What I'd appreciate if I were your sister is just to have some time as "me" not "me the infertile woman" - doing something fun, but hopefully in a place with minimal children (I find it very hard to bear seeing babies and young kids with happy parents these days) - even if it's going for a coffee and a girlie giggle in a quiet coffee shop where there aren't a million happy families (I swear those with new babies are magnetically drawn to be whereever I am) or catching a movie (just not one where it ends up happily with a baby) - things like that. Just to forget about it for a while and let her be herself again because long-term infertility feels like nothing else - the best way I've found to describe it is like toothache (that gnawing relentless pain you can't get any relief from or rub better) but in your heart.

justshaggy · 04/06/2010 12:40

Privacy with ttc is something I feel quite strongly about. I have not told a single soul I am TTC (except MNetters and DH!) because I do NOT want to talk about it, or have 'helpful' suggestions, etc etc etc. This is the BEST decision I have ever made.

So actually, your sister has said more to you than I have to others. I can honestly say I'd be livid and deeply deeply unsettled and uncomfortable if anyone - no matter how well-meaning - bought me a book. It would be like a total invasion of my privacy.

I do understand your concern though. I think the best thing (from my perspective and based on the relationship I have with my own sister) is just be honest. Tell her you are worried, tell her you'd like to talk to her about it ... BUT also tell her its up to her and if she doesn't want to talk then you won't raise it ever again.

That way she has two options: to talk to you or to tell you she doesn't want to talk (in which case you have to respect that). In some ways it might actually be a relief to her to be given a chance by you to firmly tell you to 'butt out', because, if she is anything like me, she probably has a sixth-sense that you're dying to know and it might be making her uncomfortable ...
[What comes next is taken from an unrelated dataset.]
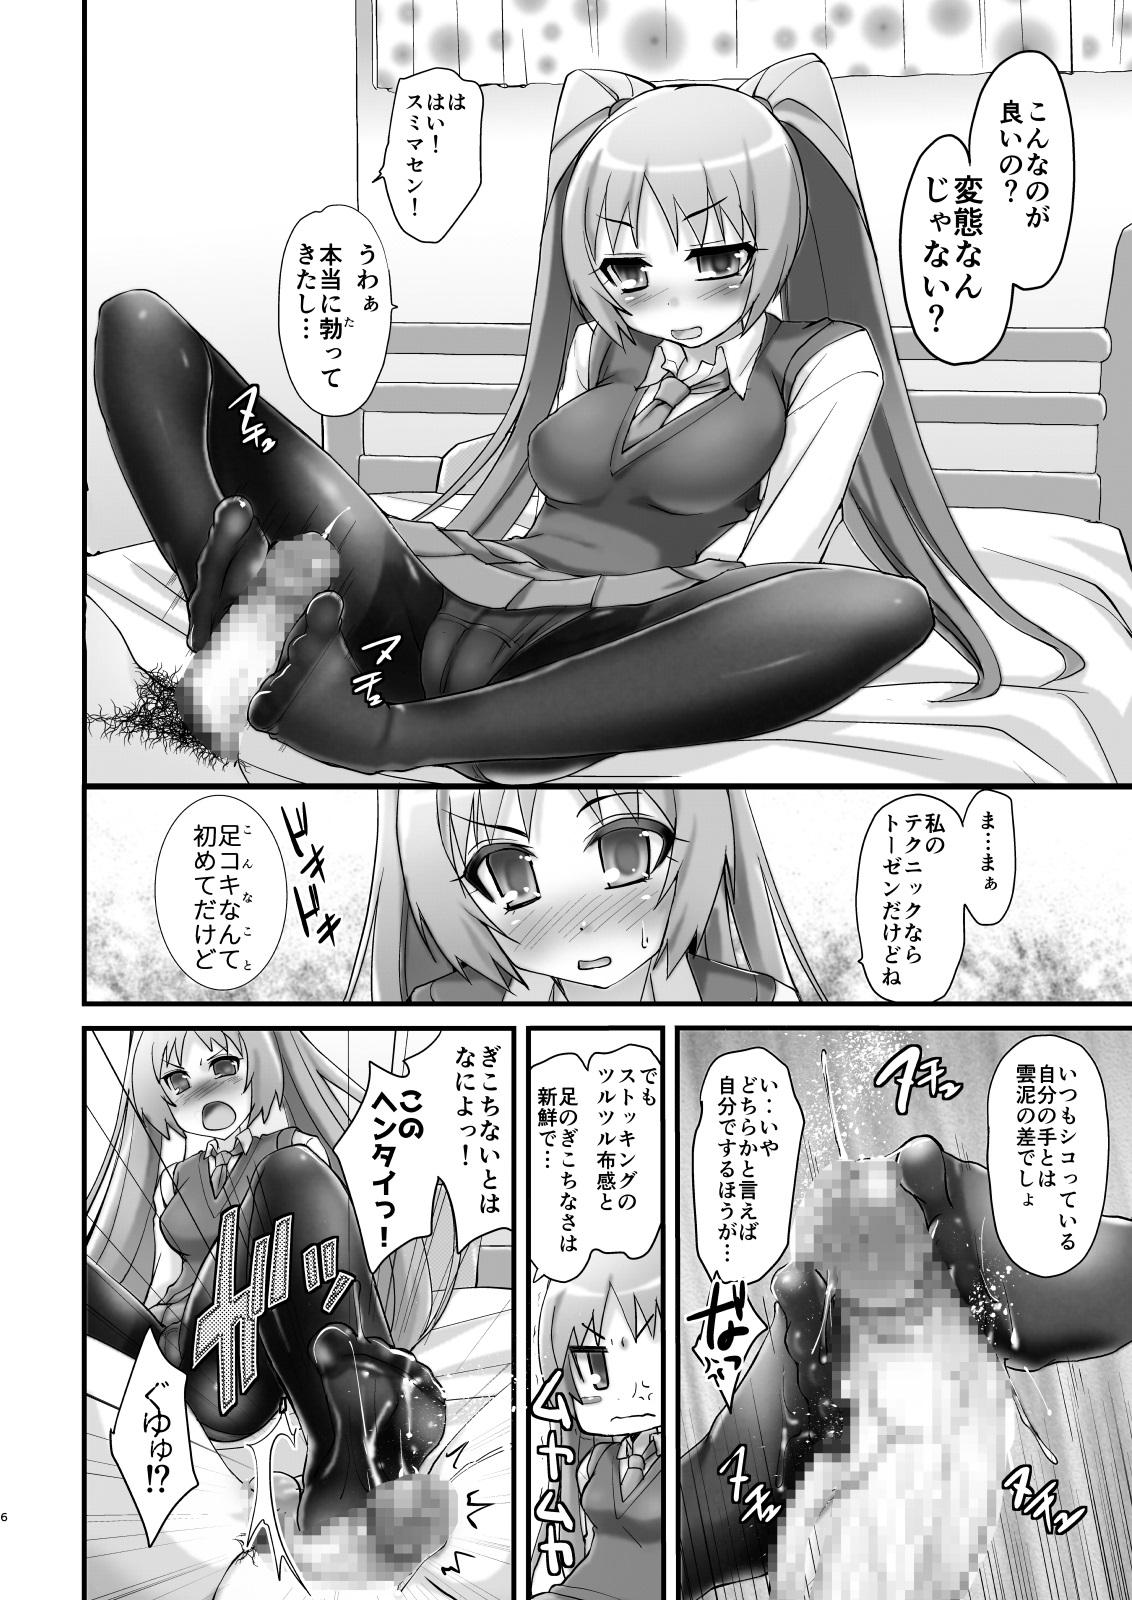 Girl Tsundere Tights to Twintails - Original Futa - Page 6

Or she might talk to you about it - but if she only talks a little bit and its not enough for you then, I'm really sorry, but this is her painful journey and its her choice as to how much she does or does not say.

Finally, just to say that I wouldn't assume you know everything going on with her or what she has or has not done. I've had two MCs (been in surgery for one - treated for an ectopic in the other for couple of weeks) and NO ONE knows. I live in the same town as DHs family and our friends... so... there may well be more going on than she wants you to know about.

Ineedsomesleep · 04/06/2010 17:28

Ok so I get the hint, don't give her the book

Its just so hard when a. I know she wants children and b. she won't bloody well talk to anyone!

Its probably not helping that I've got 3 friends who all took the wait and see what happens route and nothing ever did. Now the couples are in their late 40's or 50's and wondering if they had done something about it they could have had a DC.

By chance she had a bonus day off today so have seen her this afternoon, but had my DCs in tow again. I've also invited them both to a BBQ tomorrow, but again my DCs will be there.

FWIW I don't think that anyone takes pity on her or sees her as an infertile woman instead of just a woman, as it seems that nobody knows apart from me and DH.

I just hope it works out for her soon and for everyone else on here too. It was a long and rocky road for us so I've got every sympathy for anyone who is having trouble getting a DC.